Acting Solicitor General, Neal Katyal, filed a brief with the Supreme Court last week, asking the Court to vacate the 2nd Circuit's ruling in American Electric Power v. Connecticut, and to remand the case for reconsideration in light of the EPA's progress in implementing greenhouse gas regulations. The move reportedly surprised the plaintiffs and environmental groups who were hoping for the Obama administration's support in the case, which seeks to impose an injunction on six of the largest carbon emitters in the country.
AEP v. Conn. is a nuisance lawsuit brought by eight states, three non-profit land trusts, and New York City against a handful of the largest power producers in the country.
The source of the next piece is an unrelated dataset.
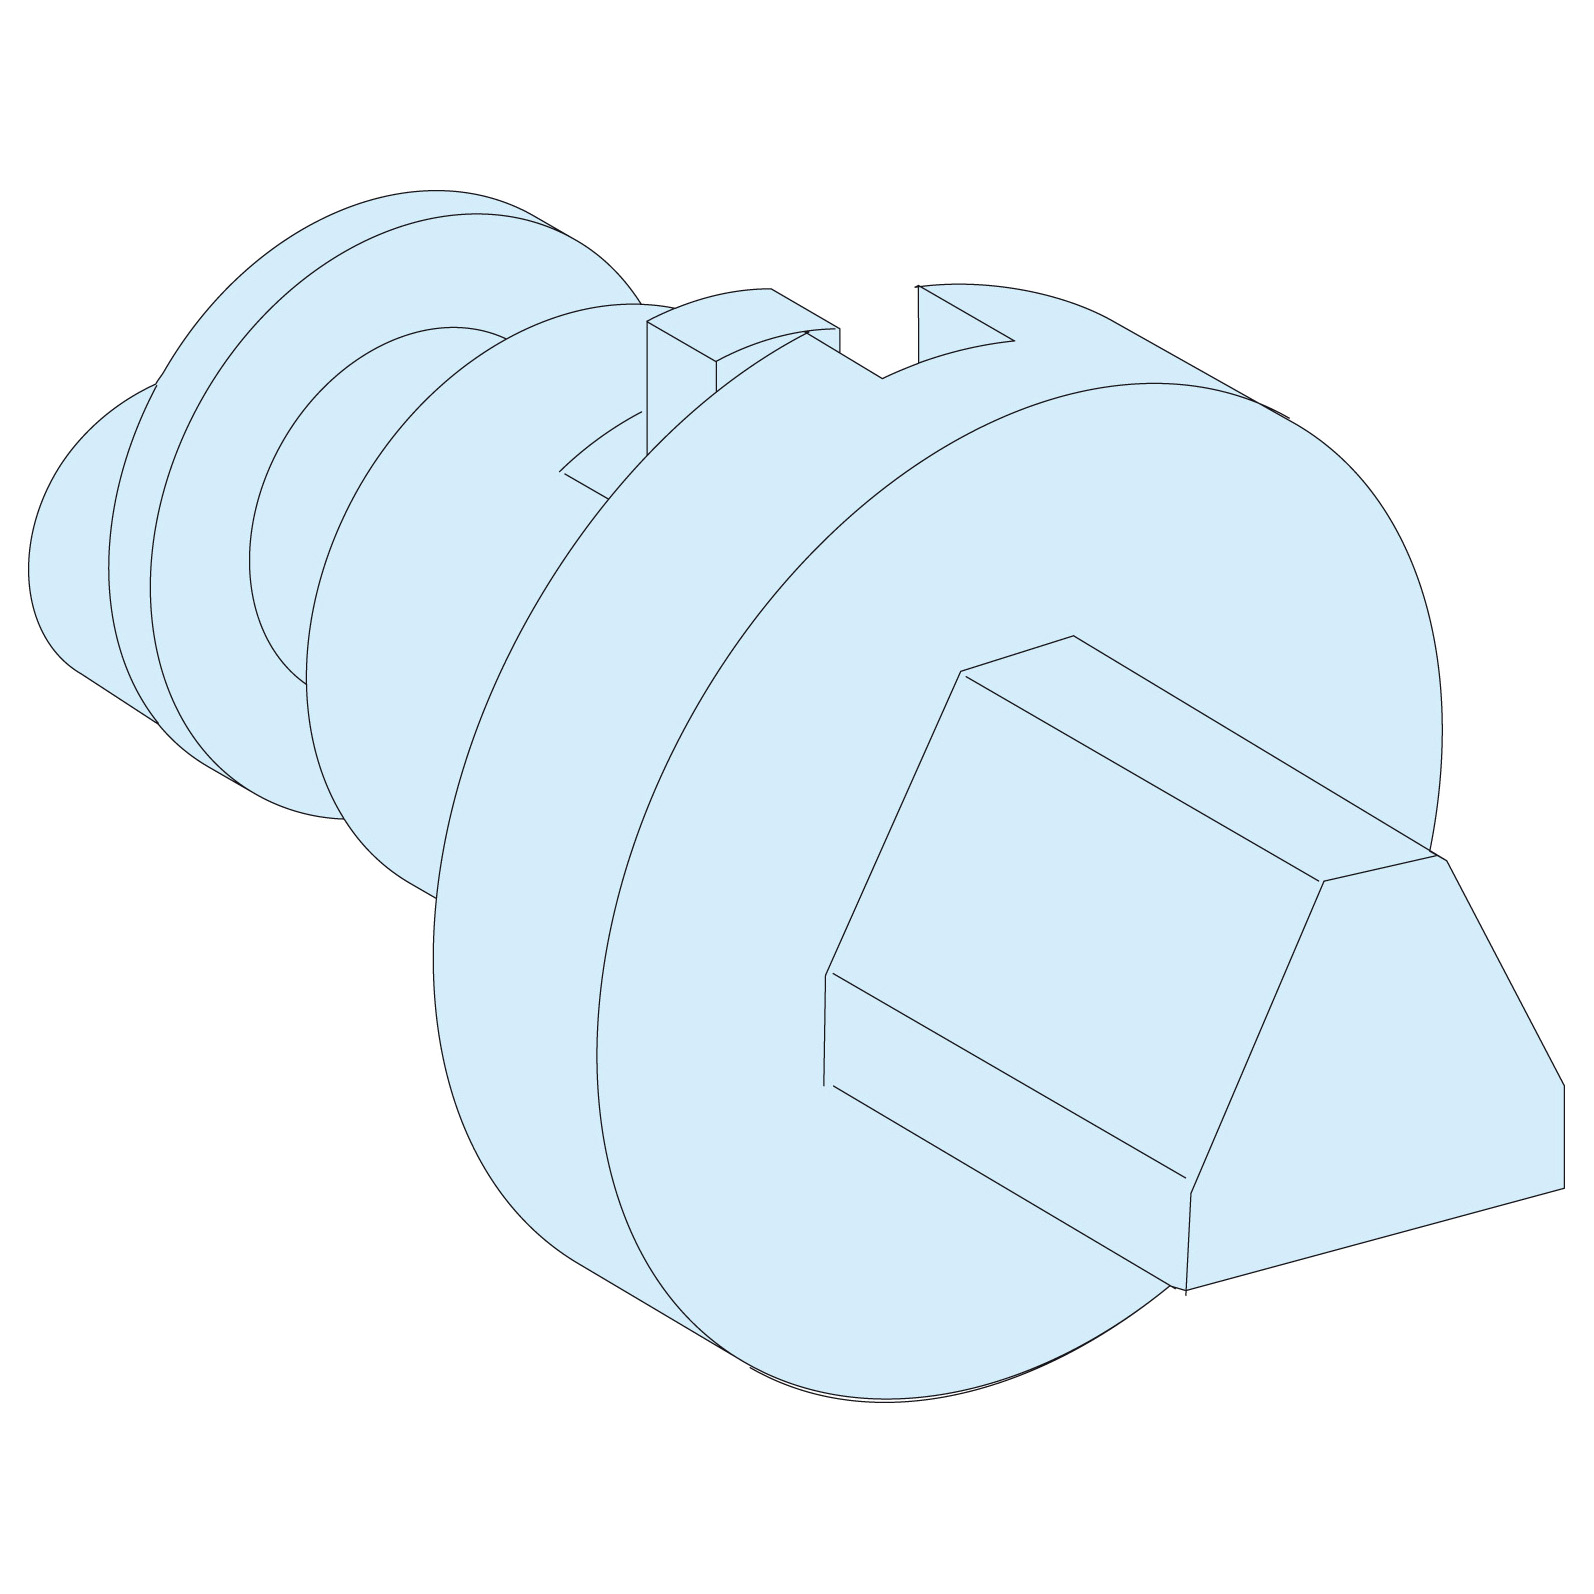 Image Description for https://tedi.itc-electronics.com/itcmedia/images/20190426/09937_SCHNEIDERELECTRIC_1.jpeg

The plaintiffs have asked the courts to impose an injunction on the defendants to restrict their carbon emissions. As previously blogged, the case was initially dismissed by the Southern District of New York on political question grounds, but reinstated by the Second Circuit last fall.
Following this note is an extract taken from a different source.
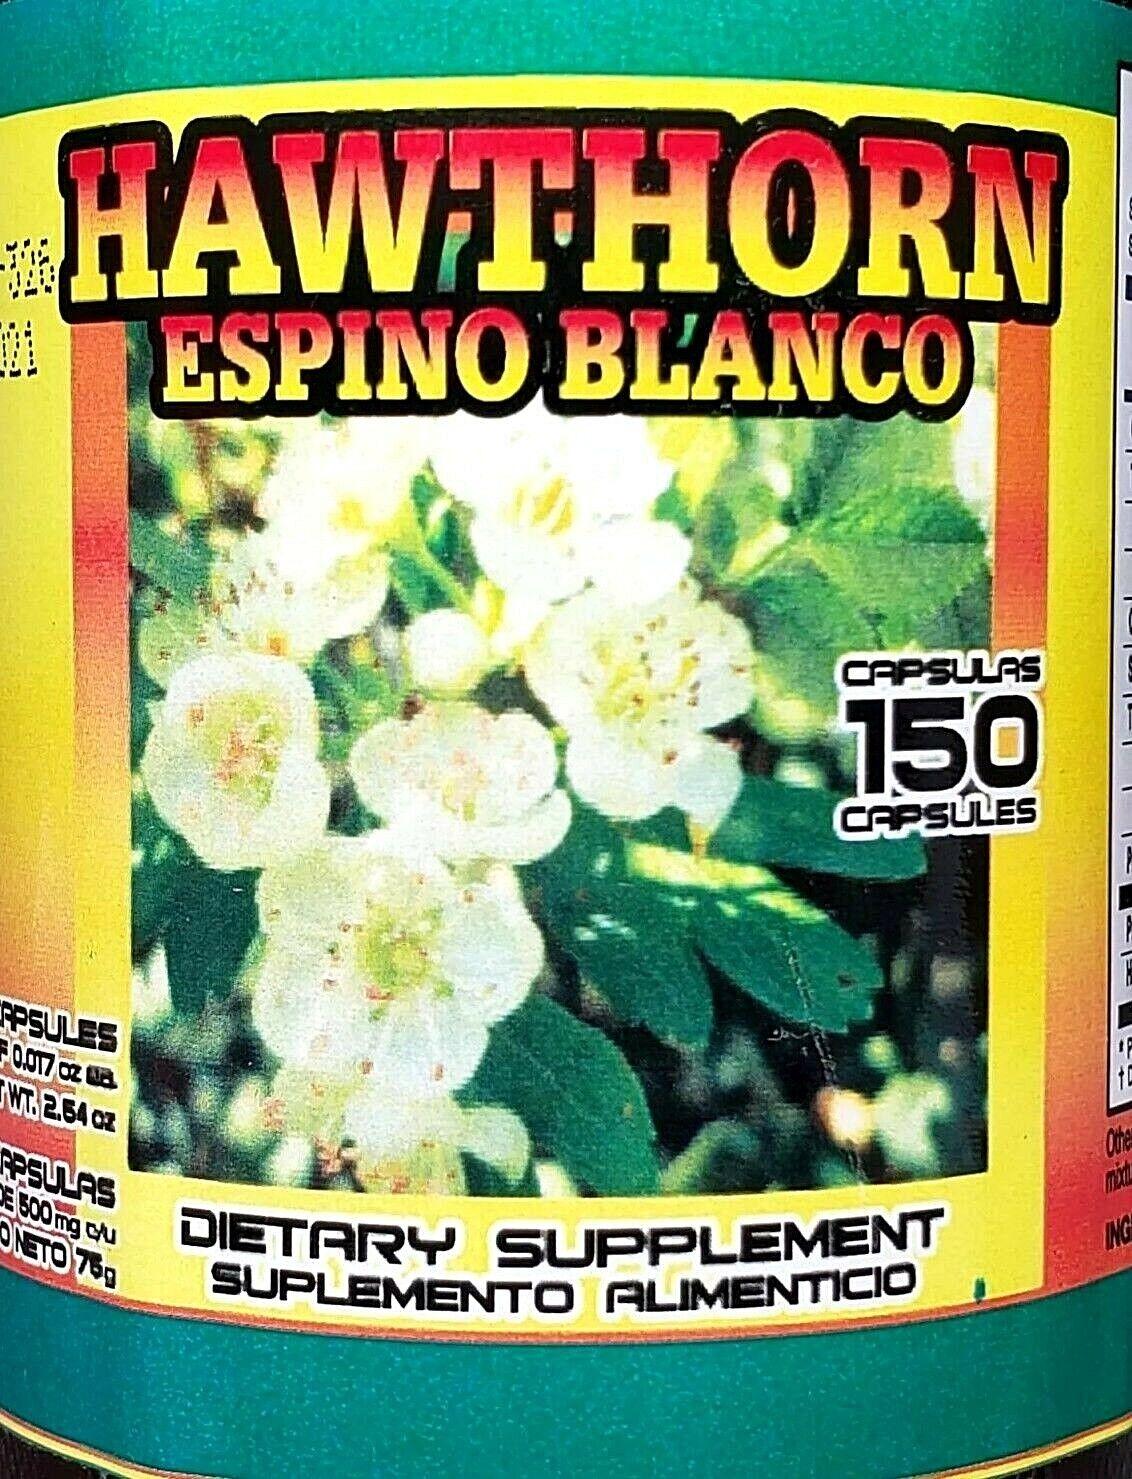 (3 Packs) ESPINO BLANCO HAWTHORN 450 CAPSULES 500MG EACH HEART PLANT Exp 06/2021 3

Similar cases have been filed in the 4th, 5th, and 9th Circuits. In July, the 4th Circuit reversed a district court decision requiring the immediate installation of emission control equipment at four power plants in Alabama and Tennessee, and ordered the district court to dismiss the case for essentially the same reasons argued by the Solicitor General in AEP v. Conn. In the 5th Circuit, an initial decision to reinstate a climate change case was vacated on highly unusual procedural grounds as we explained here. The 9th Circuit has not yet ruled on the Northern District of California's dismissal of similar claims in Native Village of Kivalina v. ExxonMobil Corp.